Well, in this case World Tour tries to use the motion/IR combination of Wii's controller and then build an "out of this world" experience around it. True, the core experience in Jenga will be the same as it was back in 4000 B.C. (yes, this game came out before Wii), but the aim was to add power-ups, physics-based playfields, in-game hazards, and for those of you too poor and pathetic to buy friends, computer A.I. opponents. Technically the game works, even if it is extremely flawed. You grab pieces with the A button, move the Wii-mote while pointing at the screen, and the sensor bar does the rest, triangulating your position and determining exactly how you're trying to move the piece. You can push it, slide it, or pick it up and actually move around objects, and in that specific way, Jenga can be interesting for a few minutes. It's a great testament to the Wii that this can even be done on the system, as you can literally manipulate the block fully in 3D. Then again, you can do the same in Zack & Wiki, but it has a fully-realized game after the 60 seconds of amazement at the Wii tech in action.
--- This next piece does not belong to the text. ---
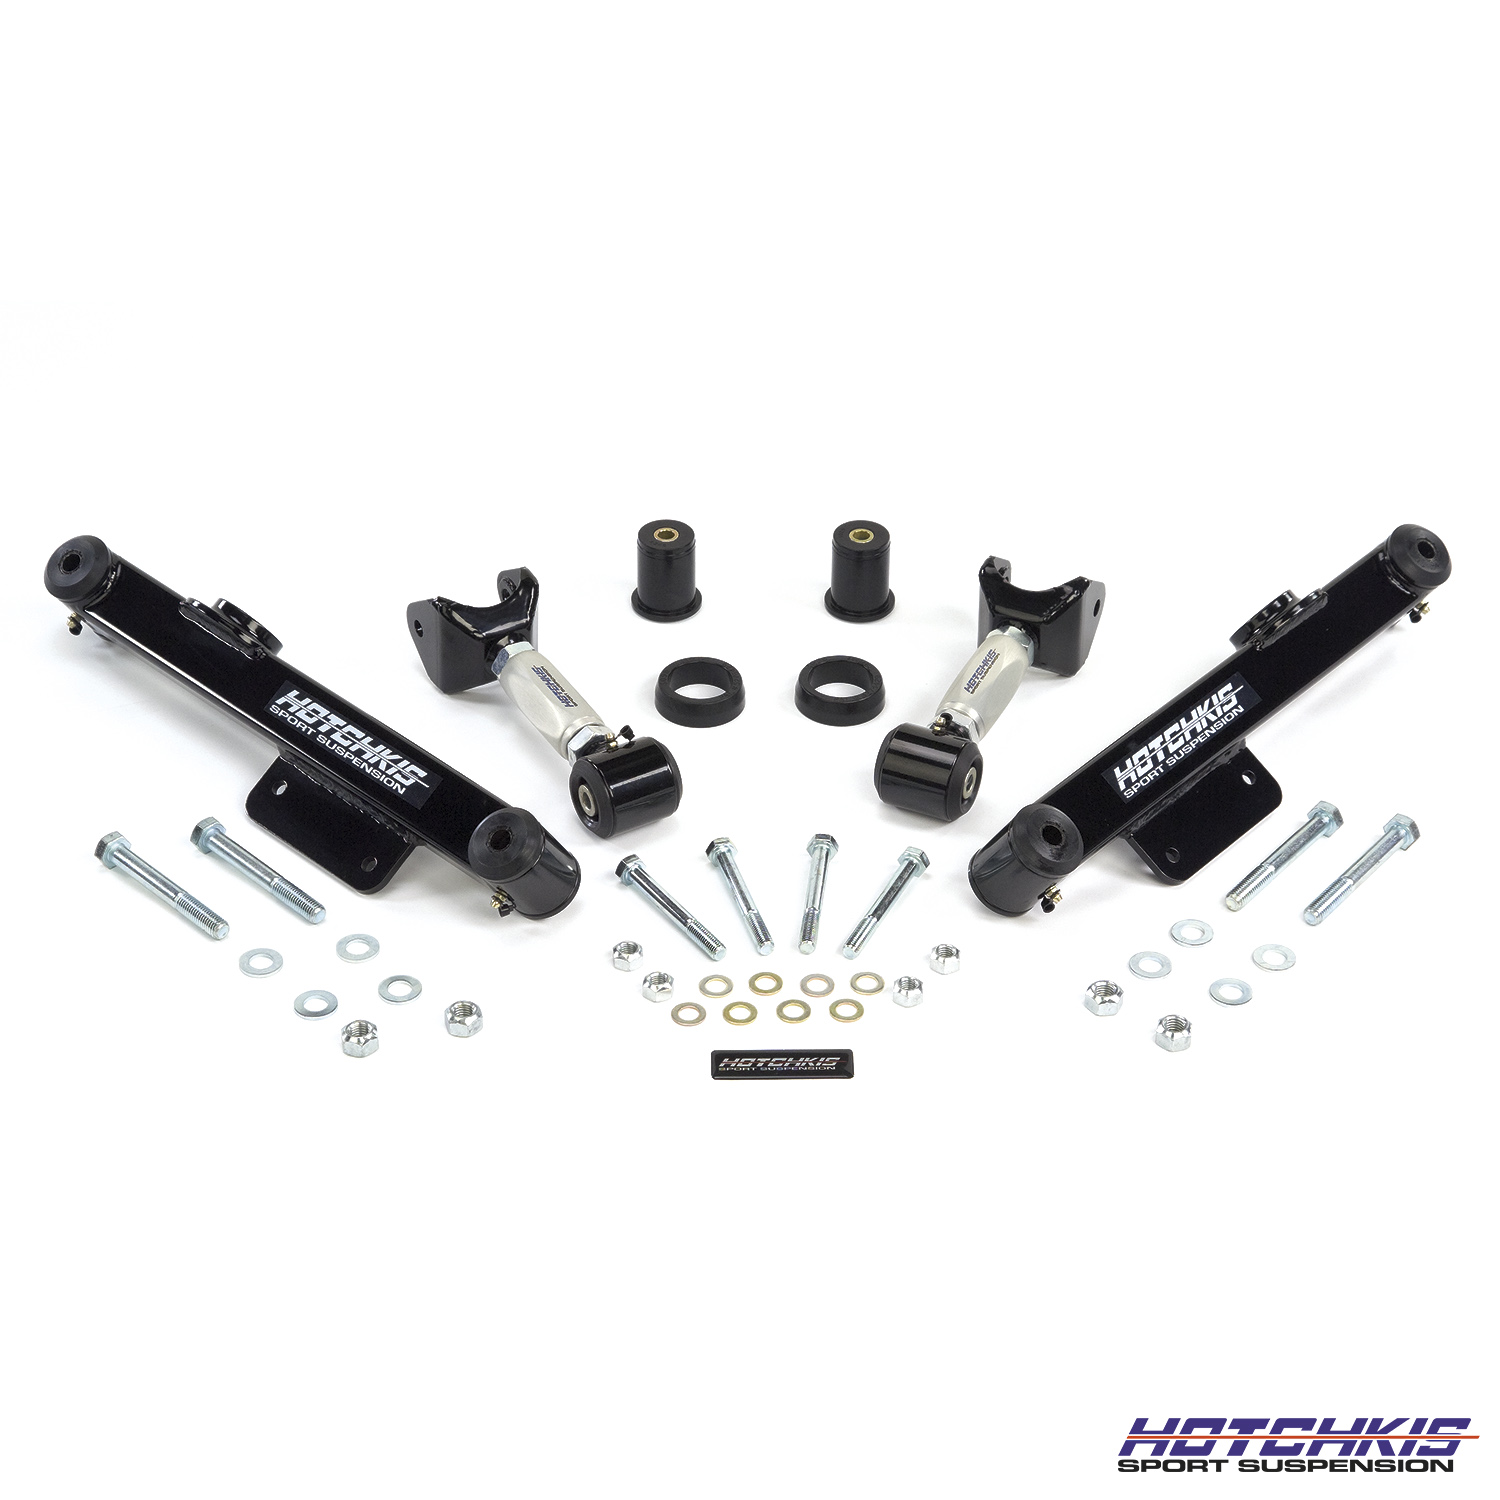 1979-98 Ford Mustang Hotchkis Suspension Adjustable Suspension Package
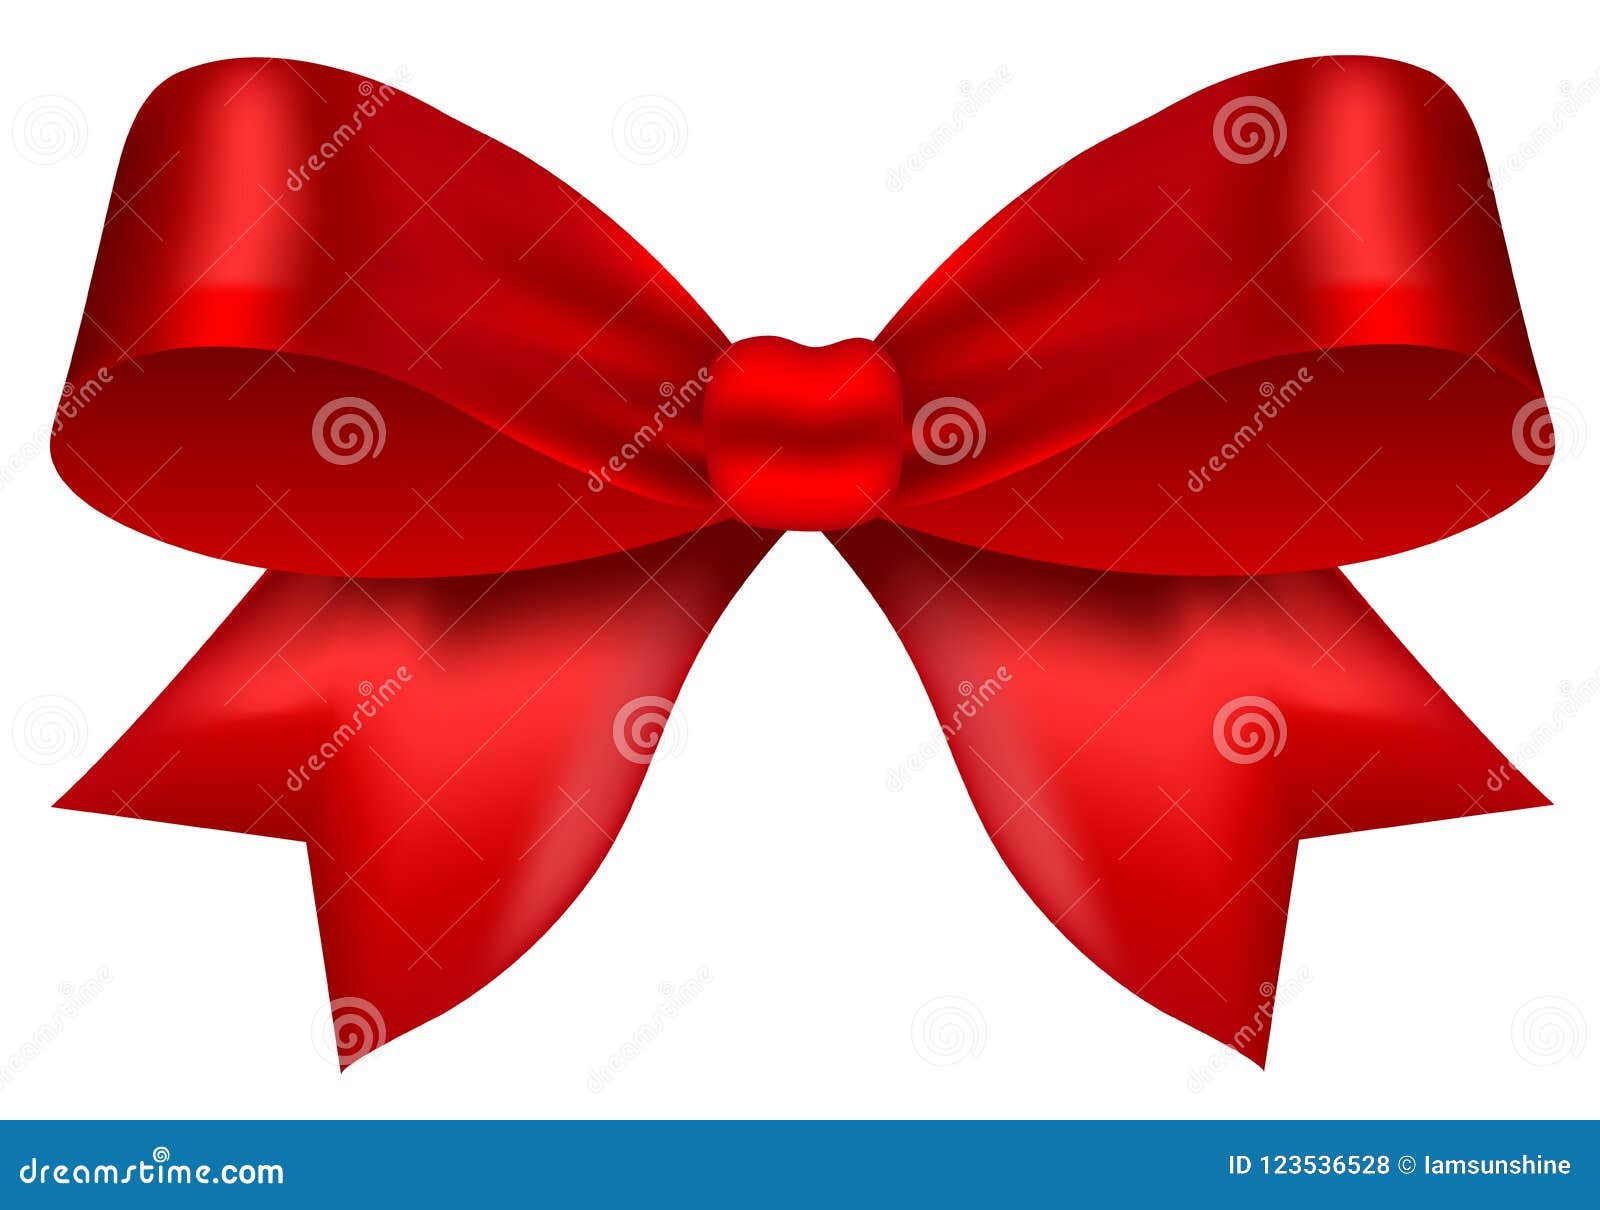 Cute ribbon banners stock vector. Illustration of card - 109820645

In Jenga: World Tour, you're met only with clumsy design and poor execution. Pieces seem to stick to each other, the game uses a rubber band system rather than having you actually grab the blocks (basically it's fishing, Jenga style), and the physics – while operational – are done so haphazardly, adding tons of slowdown to the game in return. Since you're essentially tethering the cursor to a block and pulling it out indirectly, control becomes and issue, and since (here's the big shocker) there's no tactile feedback in a videogame, you'll never know how much stress you're putting on the stack of blocks. If only this experience could be recreated with a $10 box of blocks instead of a $30 piece of software. Alas, we are out of ideas.
Instead of physical feedback (hell, the game doesn't even use rumble), there's a color system put in place. Blocks that are green when hovered over with the cursor can be moved, while red ones are "load bearing" blocks, and shouldn't be touched. Now the game becomes a matter of moving around aimlessly until you find a green block, grabbing it, and pulling the block out via the Star-Wars-snow-speeder-harpoon-tow-cable-combo. Once you've pulled your first block out, simply place it at the top of the stack, go out to your Wii system menu, eject Jenga from the unit, boot up your $10 copy of Super Mario 64 on Virtual Console, grab an ice cold soda pop, and place it on your newly-purchased coaster. It's fun for the whole family.